The funding for medical support for security forces is found from the Ministries of Defence and Interior, both of which receive considerable assistance from the US Department of Defence though the CSTC-A. International Agencies or Non-Governmental Organisations (NGOs) do not provide assistance to military medical services. Clearly the medical services compete with other security capabilities such as tanks and helicopters. The financial support provided depends on organisational and political factors but is heavily dependant on the lobbying capability of senior members of the military medical services. This emphasises the need to mentor indigenous military medical personnel in military politics and staff procedures in order that they can compete effectively in this environment.

Strategic issues

Initially the development of the ANA was the responsibility of the US through CSTC-A and separate from the ISAF mission, whilst the development of the ANP was the responsibility of Germany. In 2006 it became clear that CSTC-A should contribute to the development of the police and additional assistance was provided by the European Union. In 2009 a new organisation, NATO Training Mission – Afghanistan (NTM-A) was established to provide NATO resources towards the ‘train and equip’ mission for the ANSF. This became a parallel organisation alongside CSTC-A because the US required a separate line of accountability for the disbursement of US funds for ANSF development.
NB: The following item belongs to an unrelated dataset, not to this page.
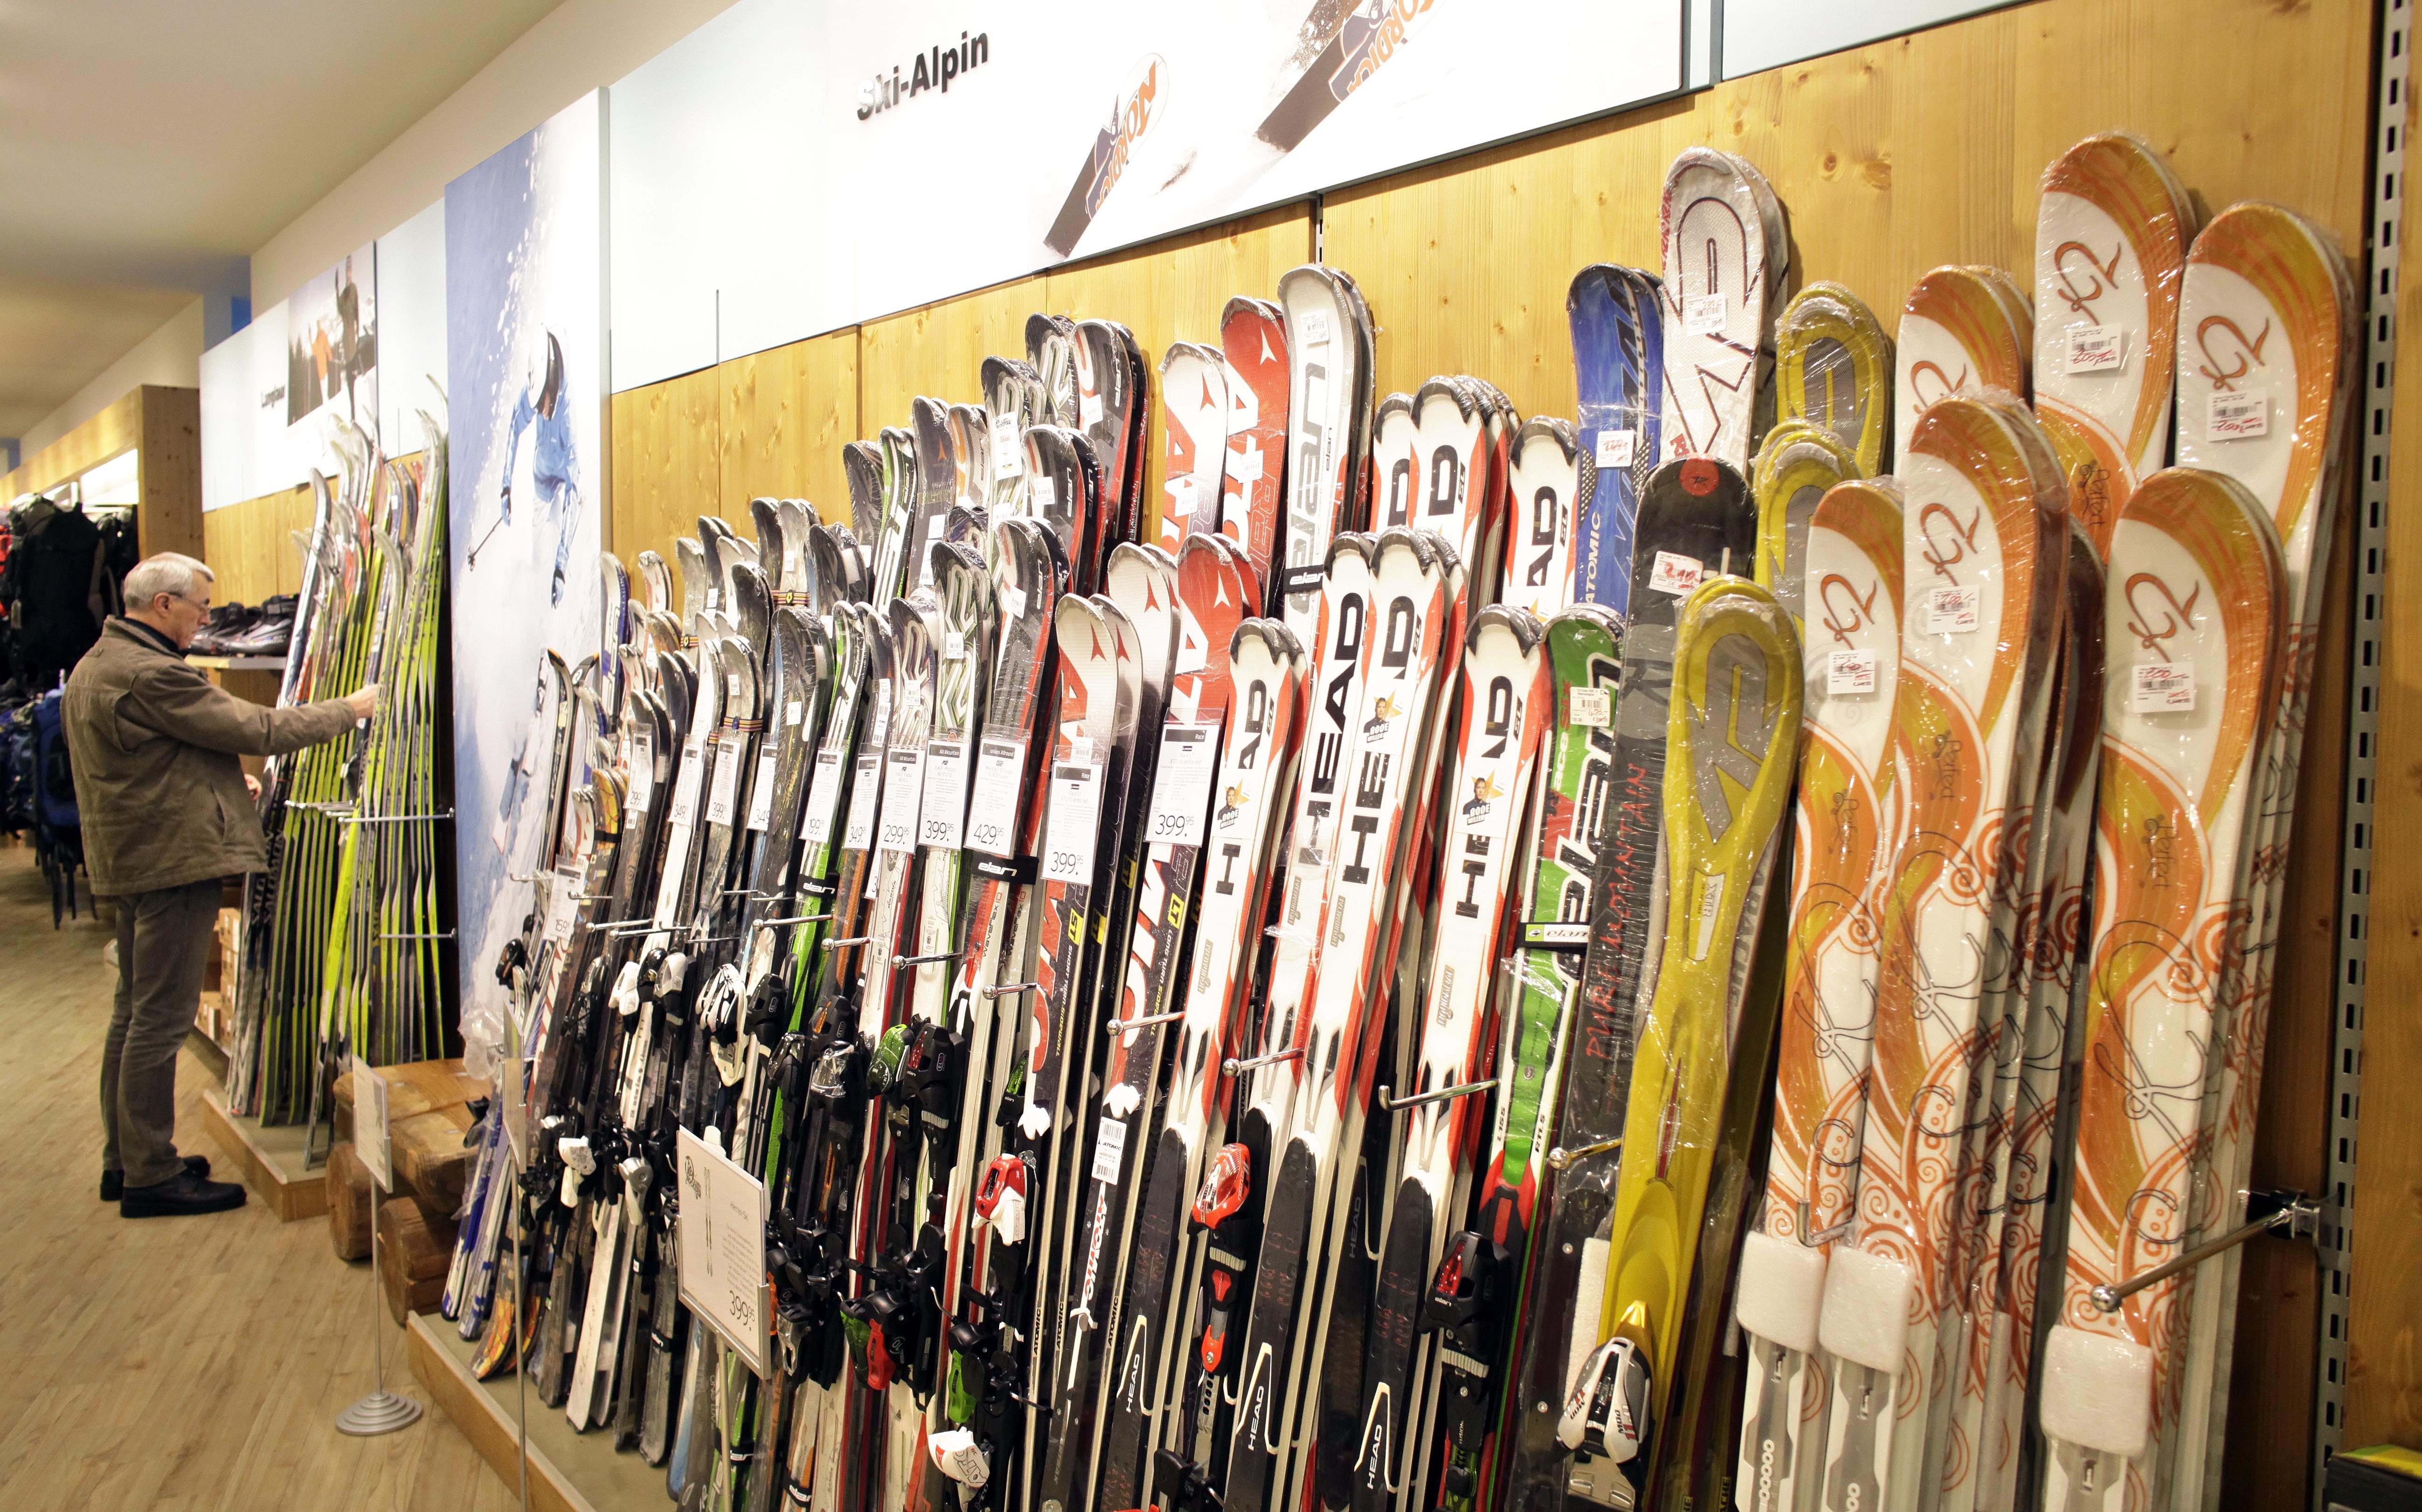 Kletterausrüstung Richtig Lagern : Wie soll man ski am besten lagern?

Within the medical services, CSTC-A withdrew from responsibility for supporting the execution of medical support to Afghan security forces; this was transferred to the operational chain of command. The medical element of CSTC-A became the Medical Training and Advisory Group (MTAG) with responsibility for engagement with the ANA and ANP ‘Offices of the Surgeon General’, supporting development of medical policy for the security forces and responsible for supporting national and regional security force hospitals. Regional Commands became responsible for supporting medical planning and execution for the Afghan security forces and monitoring the progress in development of their field medical system. In addition, the training system was regionalised in order to increase throughput of recruits.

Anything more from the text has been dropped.